The recent proposed acquisition of 3Par by Dell and/or HP has made me think a little more about the direction the storage industry is taking in terms of their storage array design architecture. Since storage arrays became a category of devices in their own right, we’ve seen the growth of the monolithic, sometimes called Enterprise storage array. Hu Yoshida discusses the subject on one of his recent blog posts. Looking at the wide range of storage devices, I’ve categorised arrays into the following groups:
- Monolithic – this architecture is characterised by Hitachi USP, HP XP & EMC DMX and consists of a shared memory architecture and multiple redundant components.
- Multi-Node – these devices use loosely coupled storage “nodes” with a high-speed interconnect providing scalability by adding extra nodes to the storage “cluster”. Products in this category include EMC VMAX and 3Par InServ.
- Closely Coupled Dual Controller – this is the typical “modular” storage architecture characterised by IBM DS8000, EMC CLARiiON, Hitachi AMS and HP EVA.
- Loosely Coupled Dual Controller – this category describes technology that are capable of device failover but aren’t closely coupled to enable individual LUN failover as the Closely Coupled model permits. This category is characterised by arrays such as Netapp FAS filers and Compellent Storage Center.
- Single Controller – this category covers devices that act as standalone products, including SOHO storage devices such as the Iomega IX4 & Data Robotics Drobo series.
The above list isn’t exhaustive and it’s my own personal categorisation. There are many more vendors of technology than I’ve listed here. In addition, none of these lists qualify as “Enterprise” in their own right. The use of this term is a hotly debated subject.
Monolithic arrays use a shared cache architecture to connect front-end storage ports to back-end disk. This is shown clearly in the architecture diagrams shown here, representing the internal connectivity of the EMC DMX and Hitachi USP storage arrays. Each of the memory units is connected to each of the front-end directors and the back-end disk directors. Hitachi divide their cache into two halves for Clusters 1 & 2 in the array; EMC have up to eight cache modules. This architecture has positive and negative benefits; firstly having director connections connecting to all cache modules ensures resources aren’t fragmented; unless cache becomes completely exhausted there’s always connectivity to another cache module to process a user request. It also doesn’t matter on which port that request comes in; the cache module can process any request from any port to any back-end disk.
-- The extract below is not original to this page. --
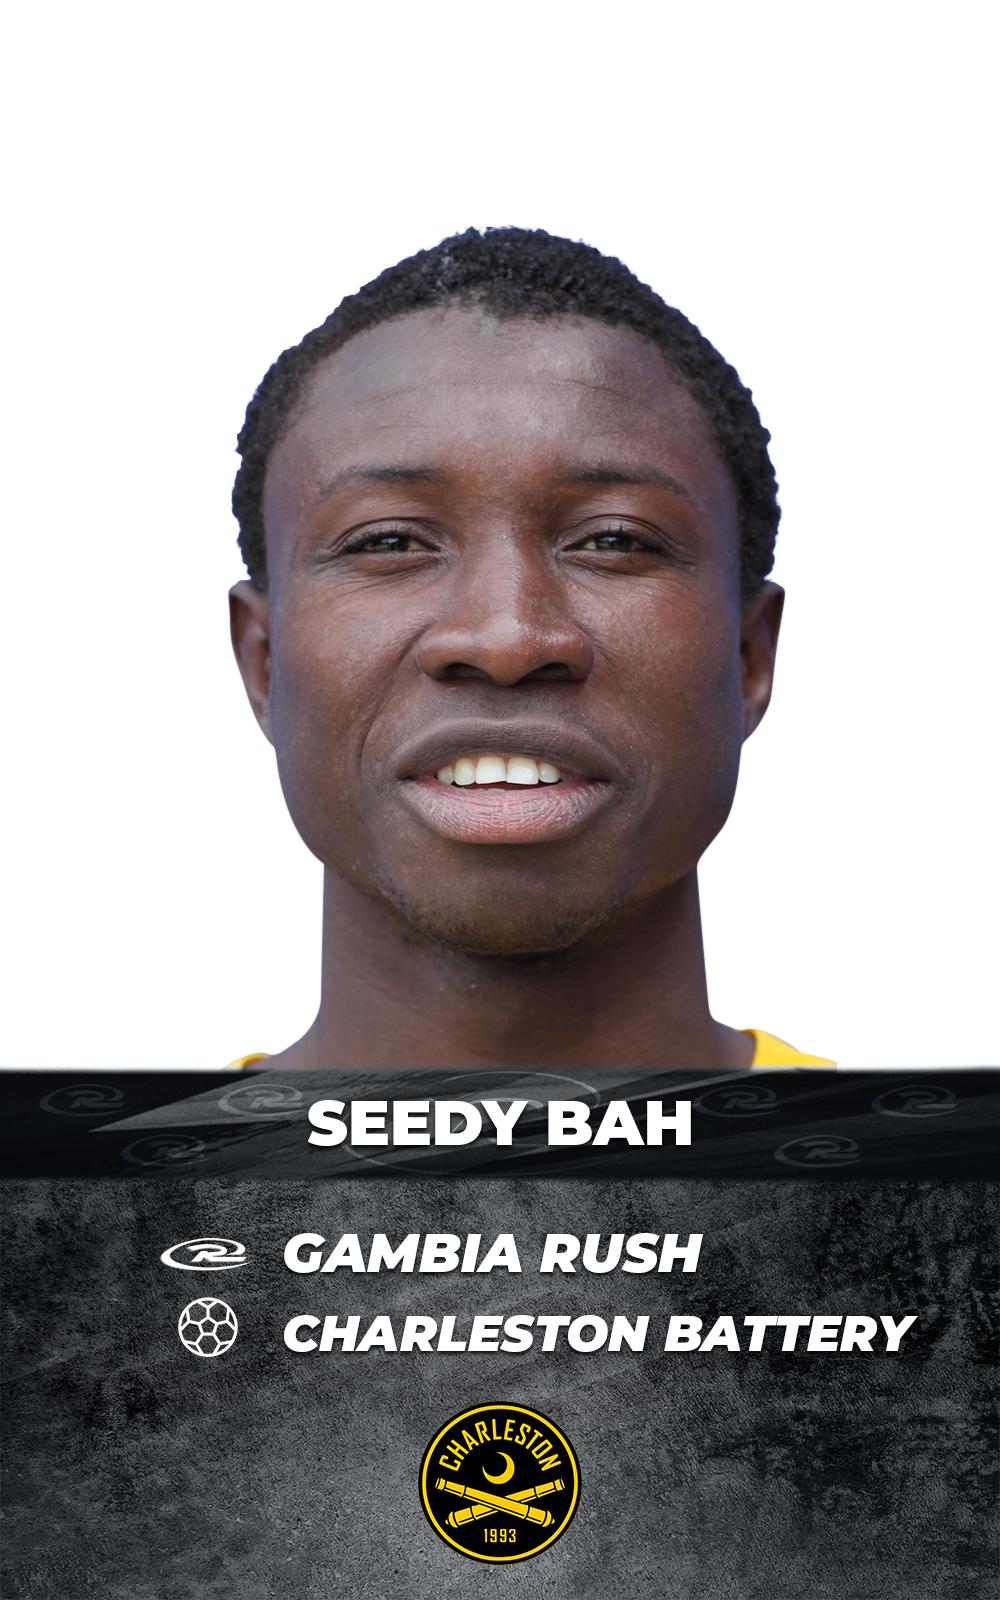 Seedy-Bah

This connectivity is also beneficial in terms of failure. If a cache module fails, for example, only the cache on that module is lost; in a fully deployed architecture the total cache would drop (by 1/8th in EMC’s case), but front and back-end connectivity would remain the same. With this model it is possible pair up storage ports and have a single LUN presented from 1 or more ports with no performance impact; the path length between a storage port and disk adaptor will always be the same.
This any-to-any model also has disadvantages. The connectivity is complex and therefore becomes expensive and requires overhead to manage and control the interaction between the various components. In addition, there’s a limit to the practical scalability of this architecture. With eight FE, BE and cache modules, there are 128 connections in place; (8x8x2). Adding a single cache module requires an additional 16 connections; similarly, adding more front or back-end directors requires more connectivity. Also monolithic arrays are based on custom components and custom design, increasing the ongoing maintenance and development costs for the hardware.
One other point to remember; front and back-end directors have their own processors. It is possible for the traffic across the directors to be unbalanced and for some processors to be more heavily utilised than others. I’ve seen a number of configurations where USP V FED ports are running at 100% processor utilisation due to to small block sizes. This means manual load balancing is required both in initial host placement and subsequently as traffic load increases. This fact is worth bearing in mind as we move to more highly virtualised environments as it is likely host port utilisation will start low and rise over time as more virtual machines are created.
Now that the DMX platform has been put out to pasture in place of VMAX, it appears Hitachi are the only vendor continuing down the monolithic route. Next time I’ll discuss Multi-Node arrays and why they may (or may not) be a replacement for today’s monolithic devices.